Father Kenneth beckoned Roland back by the fire, “You need to hear the whole of it, Roland, and you need to let your mind open before she can show herself to you.”
Mother Rose crossed to Roland, took his arm to guide him to return to his former place.
He shook her off as the friar continued, “You are not the man you were, but that does not mean the fellow of balanced judgment is not within you.” The friar acknowledged the bench again, “Come back, be seated, we will discuss this.”
They were too insistent.
“What are you afraid of, Friar Kenneth? Mother Superior?”
“That you will not listen to reason”
Roland didn’t believe him. There was more to it than that. Rose’s gaze flickered between Kenneth and one of the sisters, as though seeking guidance. Roland suspected the Mother Superior was a woman who wore calm as easily as another donned a hat. A woman who confidently made her own decisions. Yet worry shadowed her eyes.
She was troubled. Why?
Roland looked about him again. The gaggle of nuns by the door, more within the alcove and the Friar with the Mother Superior. Once again, he noted the woman in the alcove. Not the women, but the one woman; the one who stood off to the side, deep in shadow, looking through the window at nothing but blackness as if the discussion held no significance.
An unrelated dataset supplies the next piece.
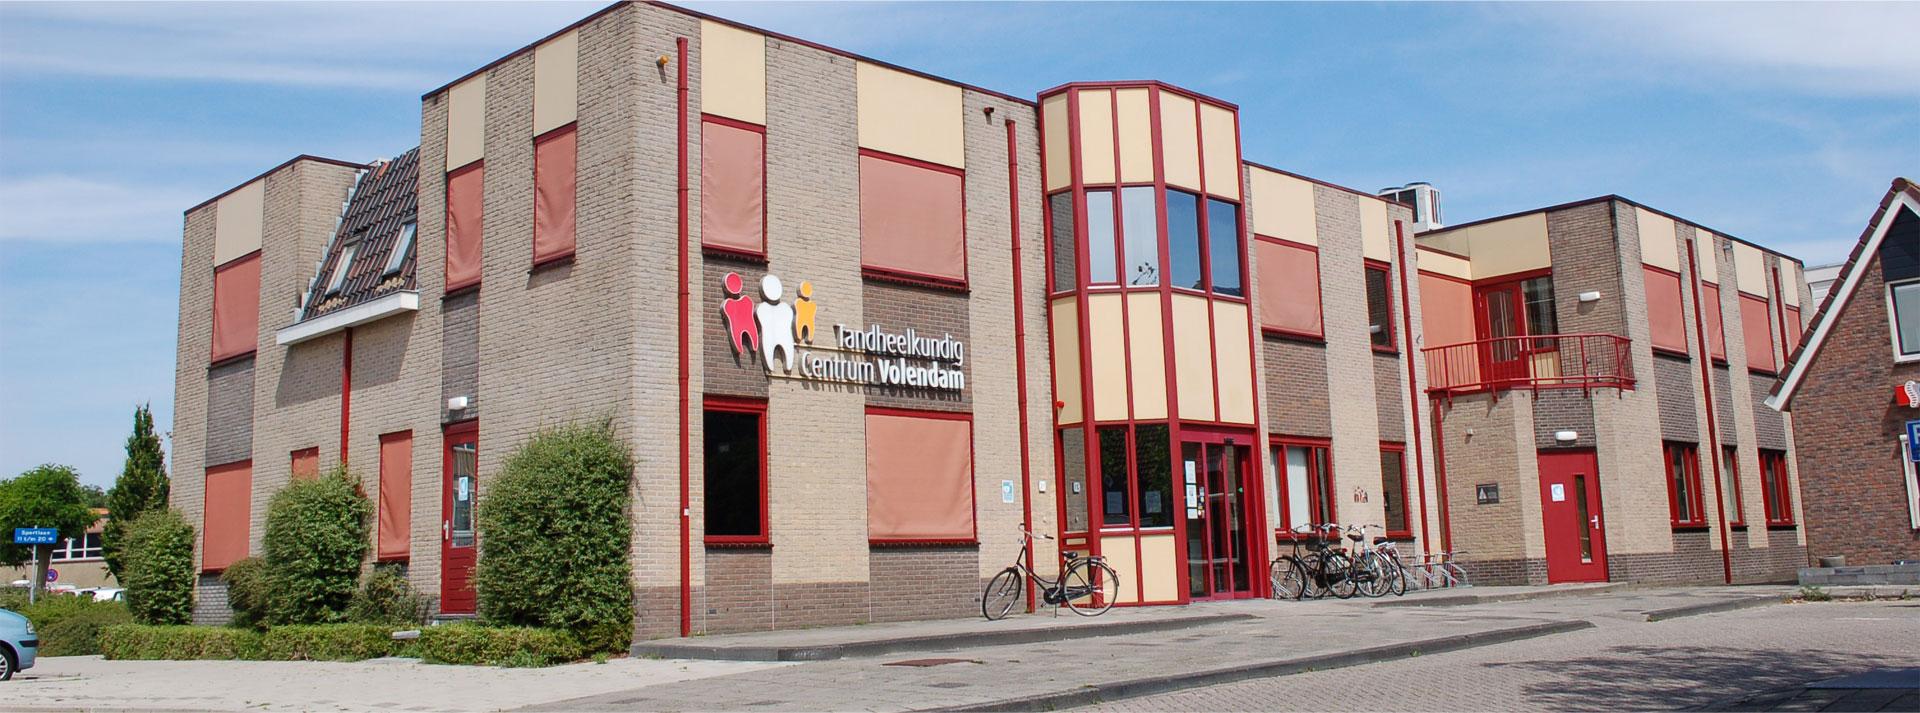 Tandheelkundigcentrum Volendam

The one who Rose looked to for answers.
Slowly Roland pivoted, to view the woman straight on.
Oh, they truly were fools, totally inept at strategy.
They had brought their queen to the king’s lair.
Check mate!
“She is here!” In two strides, he cut off the protective move of others, made toward the figure, and was upon her. With one tug he pulled back the hood, to stare into the face of his treacherous wife. “You fool!” Elation spilled over, as he beamed his victory.